_Problem requirements_
Exact copy, pictures excluded: reproduce every record below.

_Supplied records_
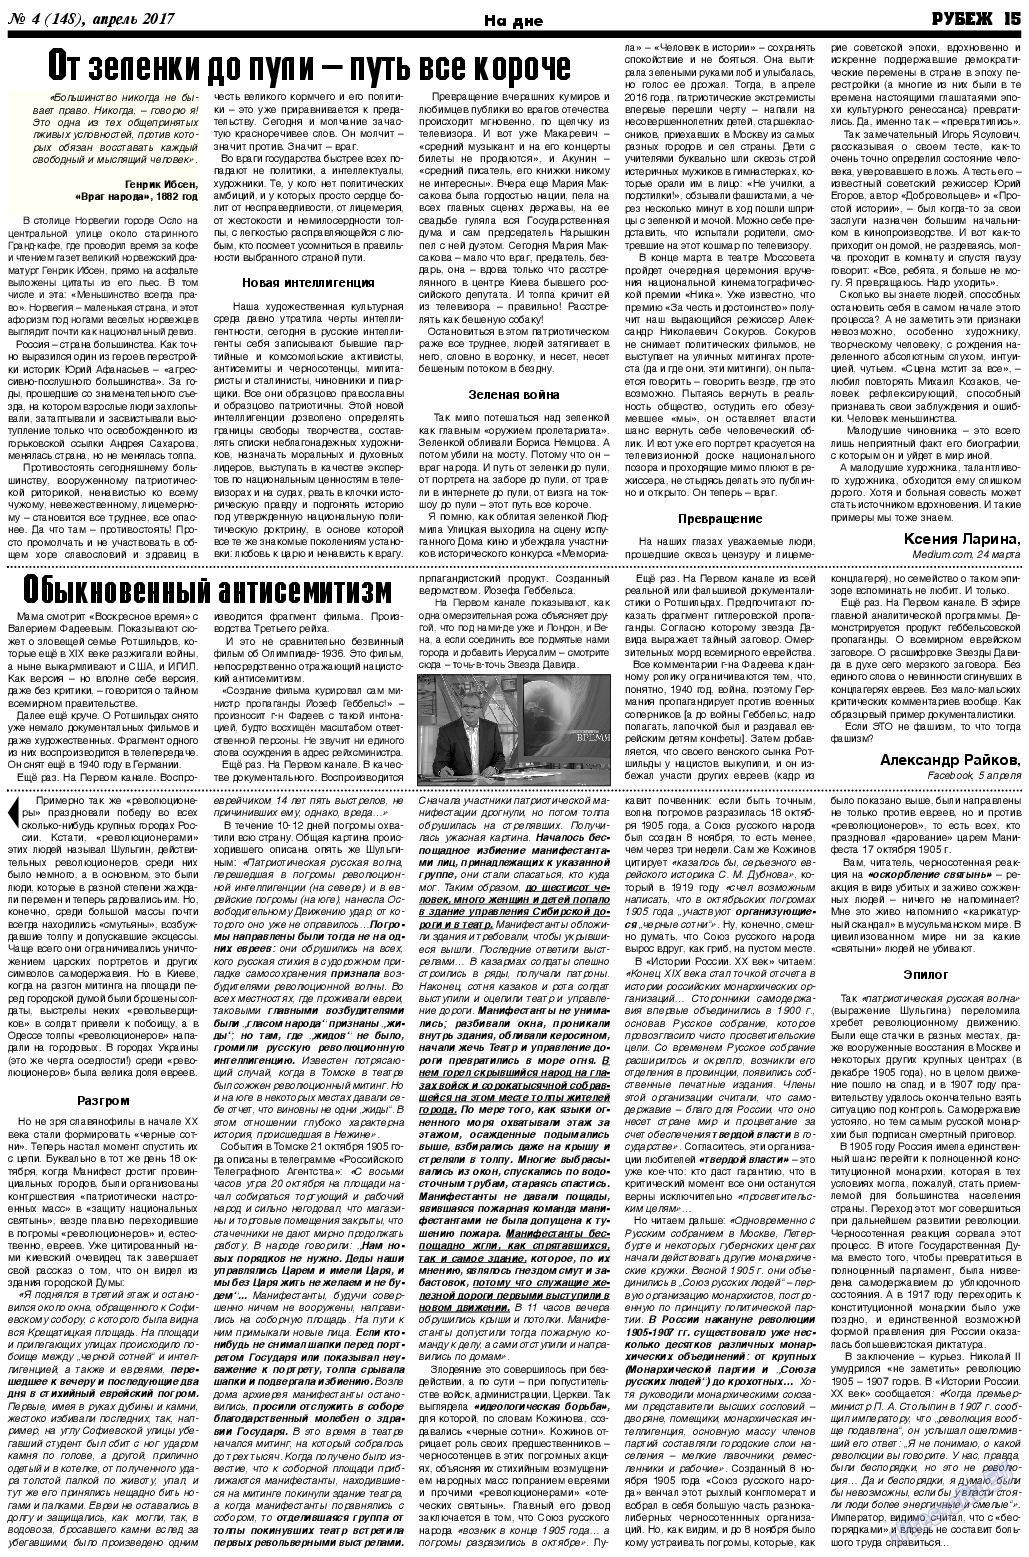 Рубеж, газета. 2017 №4 стр.15
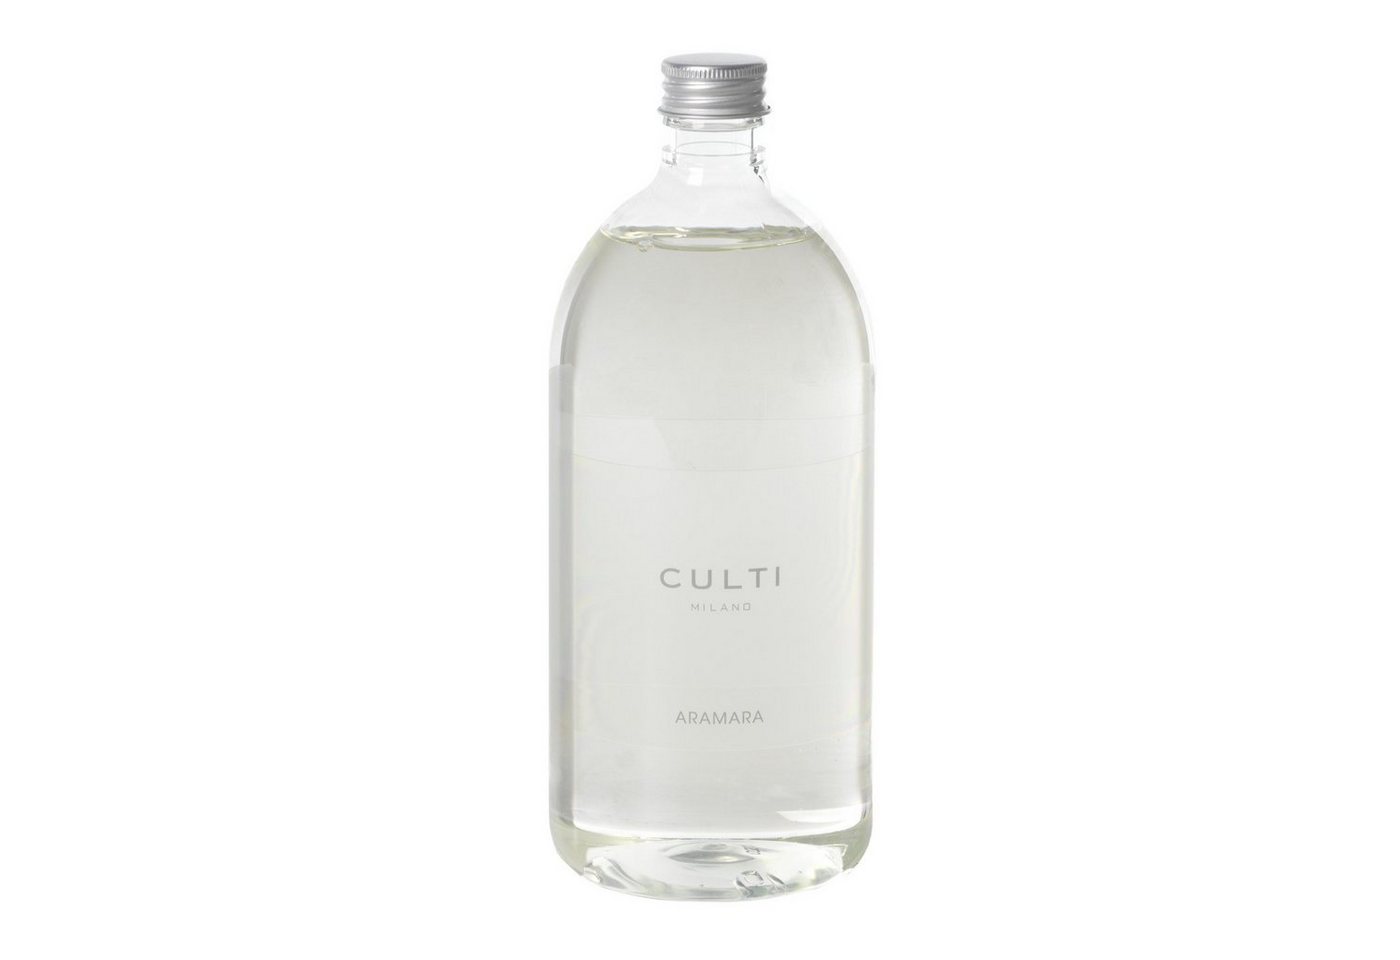 Culti Milano Raumduft-Nachfüllflasche Aramara 1000 ml von Culti Milano
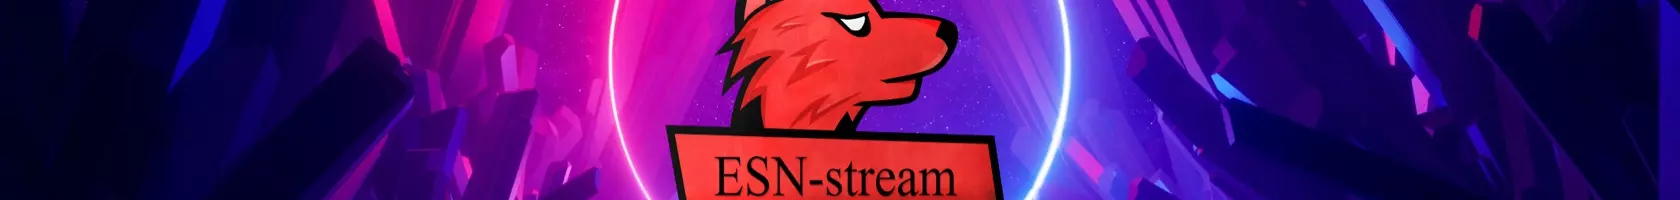  ESN_stream
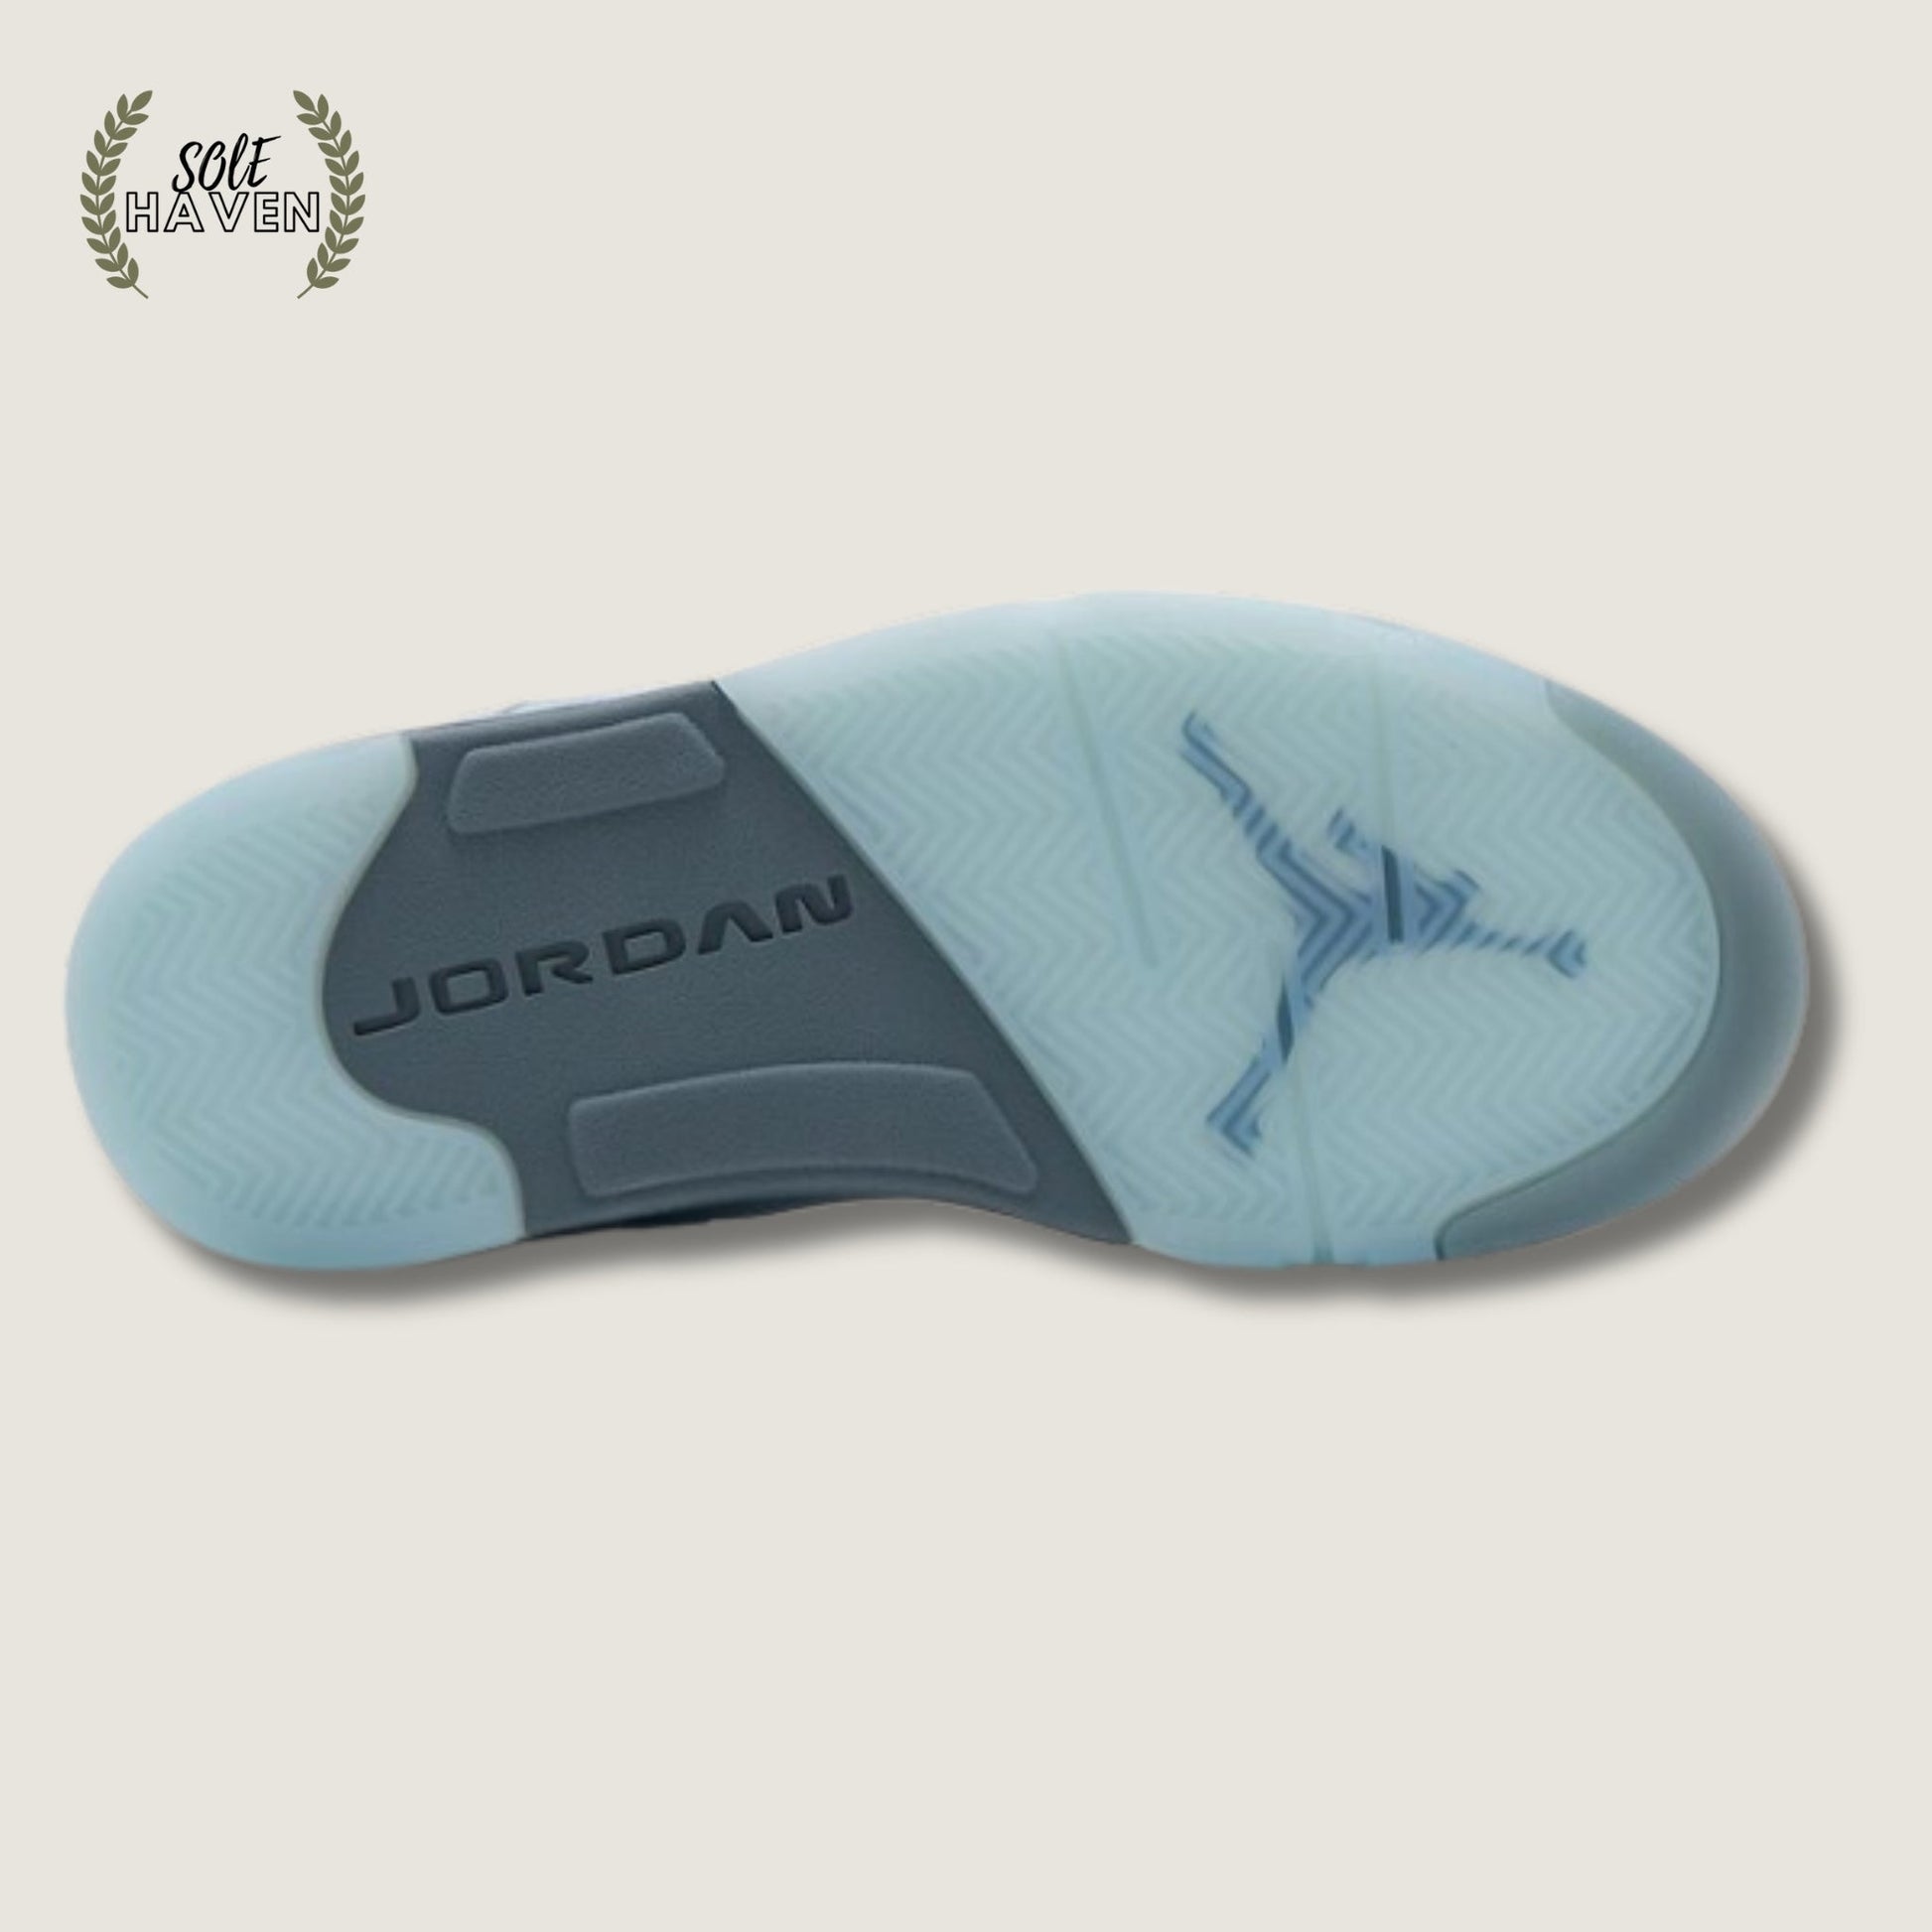 Air Jordan 5 Retro 'Blue Bird' - Sole HavenShoesJordan
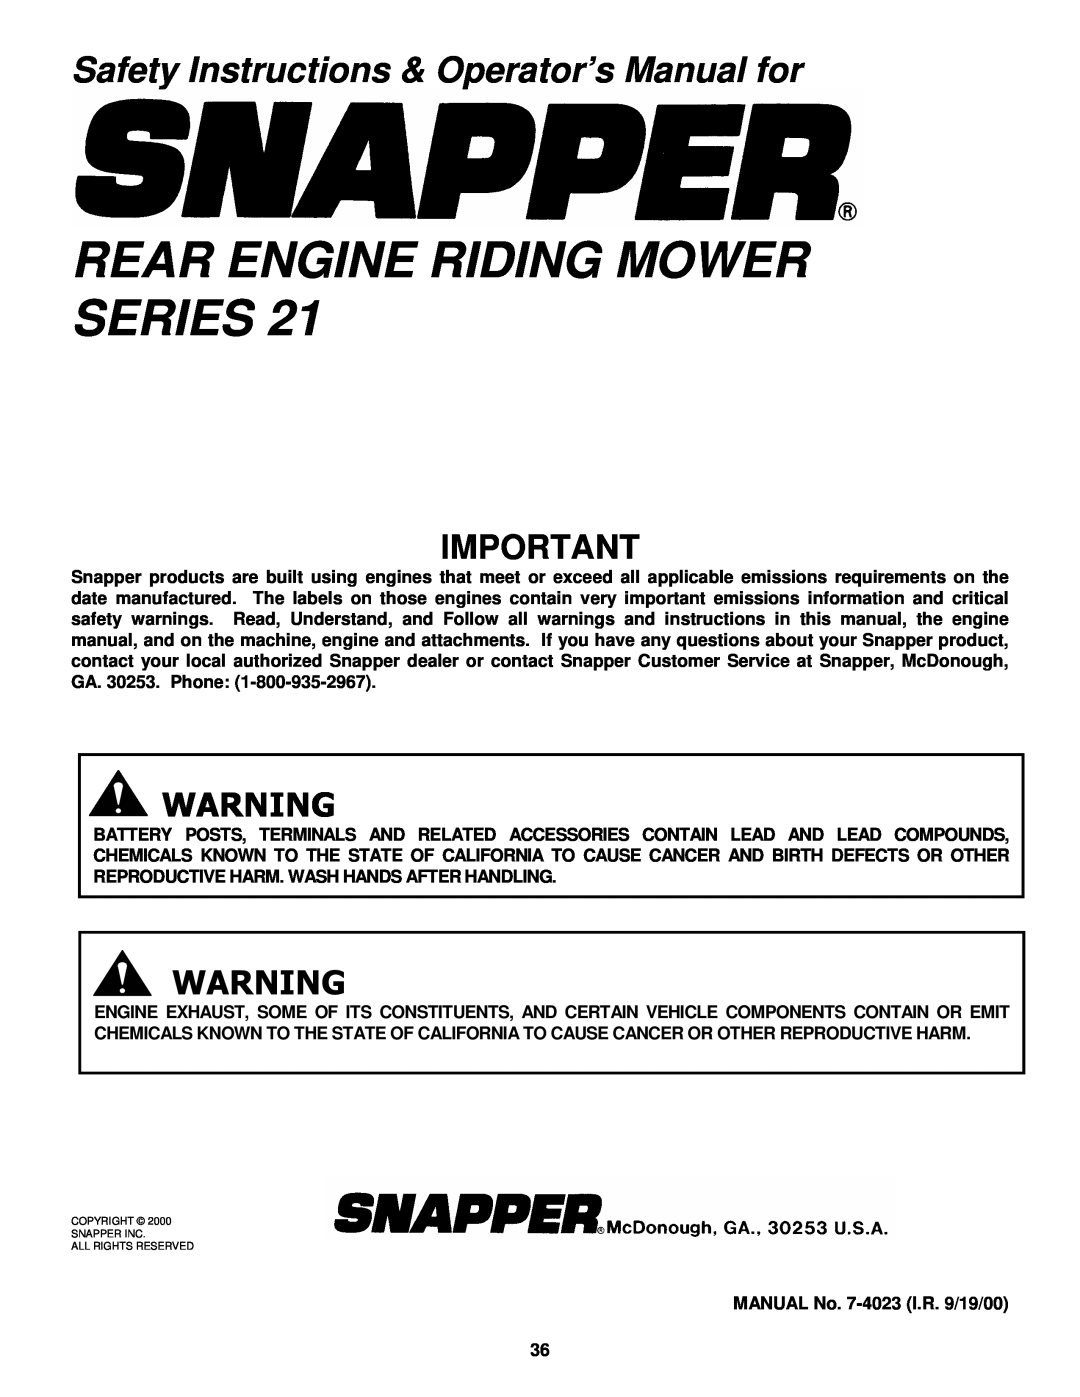 Snapper WM301021BE, M250821BE, M280921B, M281021BE, M300921B, M301021BE, WM280921B Rear Engine Riding Mower Series

_Answer box_
 Рубеж, газета. 2017 №4 стр.15
 Culti Milano Raumduft-Nachfüllflasche Aramara 1000 ml von Culti Milano
  ESN_stream
 Air Jordan 5 Retro 'Blue Bird' - Sole HavenShoesJordan
 Snapper WM301021BE, M250821BE, M280921B, M281021BE, M300921B, M301021BE, WM280921B Rear Engine Riding Mower Series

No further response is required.